The configuration file (config/config.yaml) specifies pipeline parameters. Below is an example:

SAMPLES: config/samples.tsv

OUTPUT:
    REF: hg38
    RUN:
        QC: True
        PEAKS: True
        BWS: True
    SAECR_MODE: 
        - stringent
        - relaxed


# Reference Genome Settings
REFERENCES:
    hg38:
        FA: /groups/lackgrp/genomeAnnotations/hg38/hg38.fa
        BWA_IDX: /groups/lackgrp/genomeAnnotations/hg38/hg38.bwa.idx
        BOWTIE2_IDX: /groups/lackgrp/genomeAnnotations/hg38/hg38.bowtie2.idx/hg38
        CHROM_SIZES: /groups/lackgrp/genomeAnnotations/hg38/hg38.chrom.sizes
        BLACKLIST: /groups/lackgrp/genomeAnnotations/hg38/hg38-blacklist.v2.bed

▢️ Running the Pipeline

1. Configure the Pipeline

Edit the config/config.yaml file to specify:

  • Reference genome details.
  • Output directory structure.
  • Flags to enable or disable specific steps (e.g., QC, peak calling, BigWig normalization).

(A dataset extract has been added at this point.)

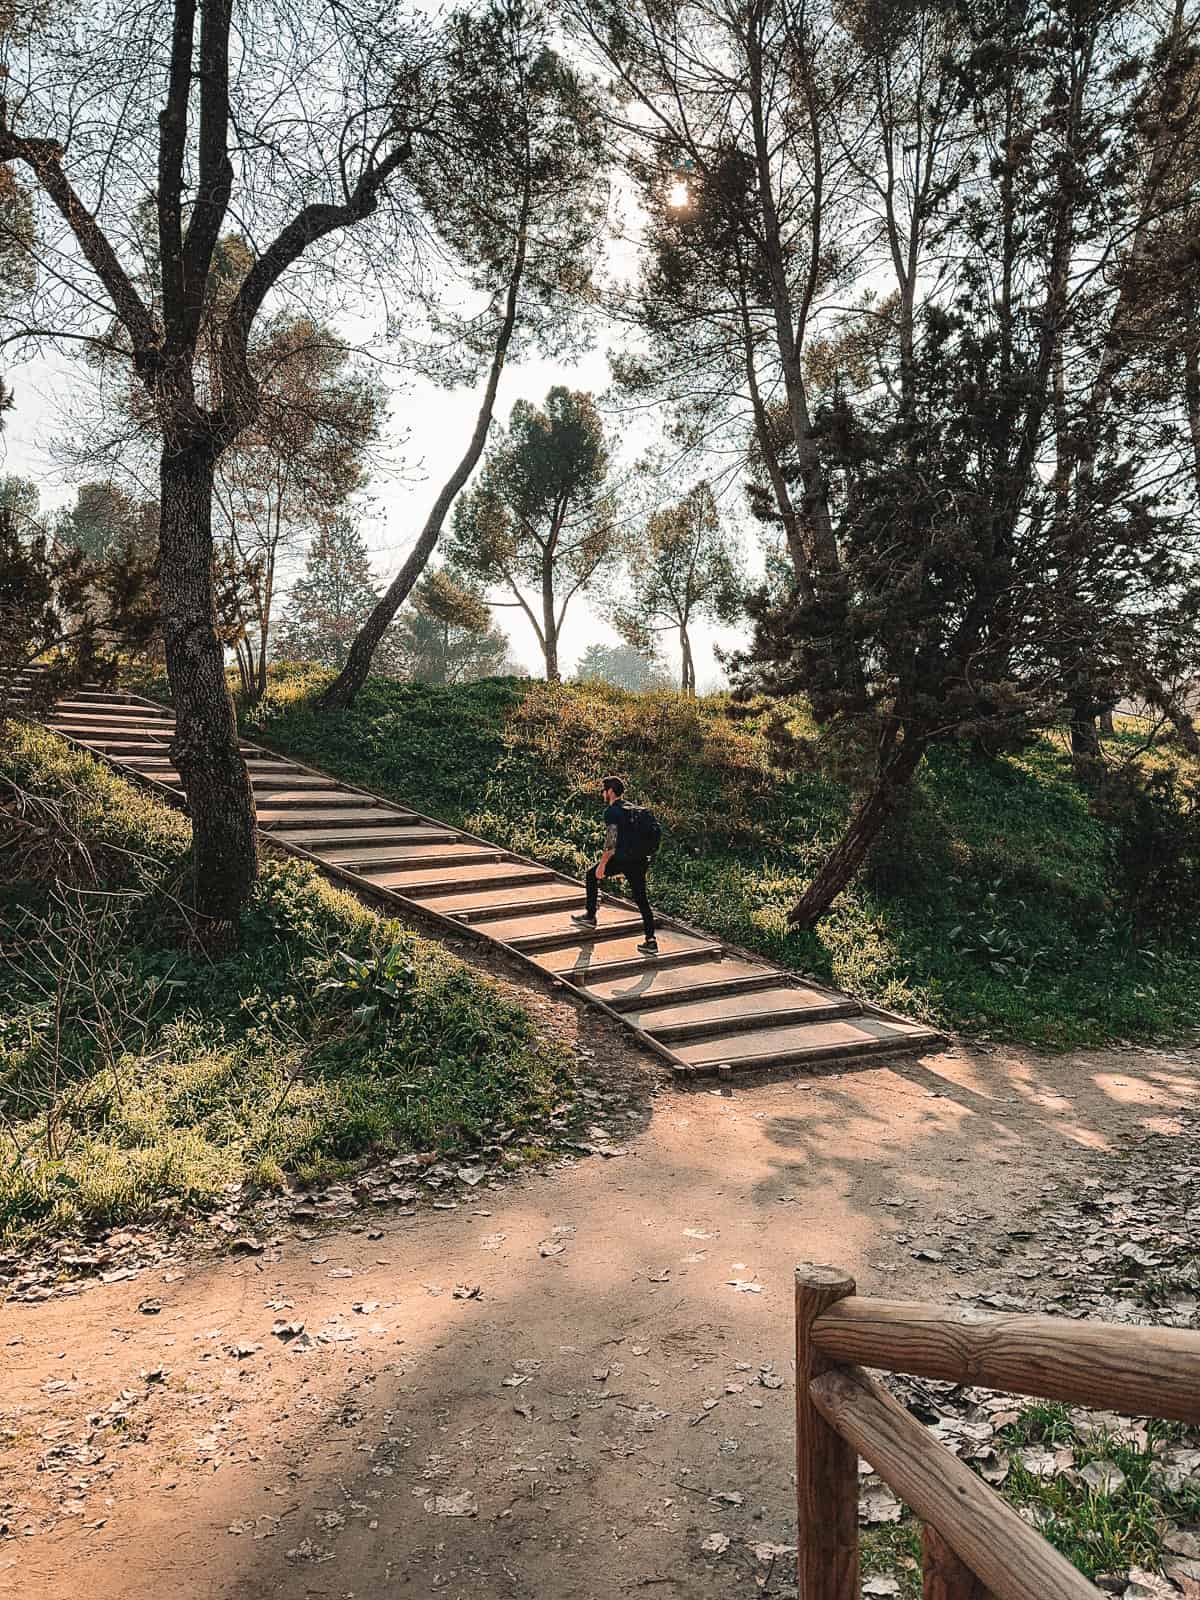 A solitary figure ascends a flight of wooden steps on a rustic trail, flanked by trees and dappled sunlight, evoking a sense of peace and solitude amidst nature.

Ensure that the config/samples.tsv file is properly formatted with the sample information.


2. Slurm Profile

The pipeline uses a Slurm cluster via the profile/ directory. The config.yaml for the Slurm profile should include the following:

cluster:
  mkdir -p logs/{rule} &&
  sbatch
    --partition={resources.partition}
    --cpus-per-task={threads}
    --mem={resources.mem_mb}
    --job-name=smk-{rule}-{wildcards}
    --output=logs/{rule}/{rule}-{wildcards}-%j.out
default-resources:
  - partition=normal,big-mem,long,express
  - mem_mb=700000
  - disk_mb=1024000
restart-times: 1
max-jobs-per-second: 10
max-status-checks-per-second: 1
local-cores: 1
latency-wait: 60
jobs: 12
keep-going: True
rerun-incomplete: True
printshellcmds: True
scheduler: greedy
use-conda: True
  • Cluster Resources: Adjust memory (mem_mb), disk (disk_mb), and partition names according to your Slurm setup.
  • Logging: Logs for each rule are stored in logs/{rule}/.

3. Submission Script

Use the following run_pipeline.sh script to submit the pipeline to the Slurm cluster. The script activates the required conda environment and runs Snakemake with the specified profile.

#!/bin/bash
#SBATCH -c 64
#SBATCH --mem 720GB
#SBATCH -p long,big-mem,normal,express

source ~/.bashrc
conda activate cutandrun

snakemake --profile profile/

4. Submit the Pipeline

Run the following command to execute the pipeline:

sbatch run_pipeline.sh

This will:

  • Automatically submit jobs to the Slurm cluster.
  • Use the configuration specified in the profile/config.yaml file.
  • Execute all defined rules in the pipeline.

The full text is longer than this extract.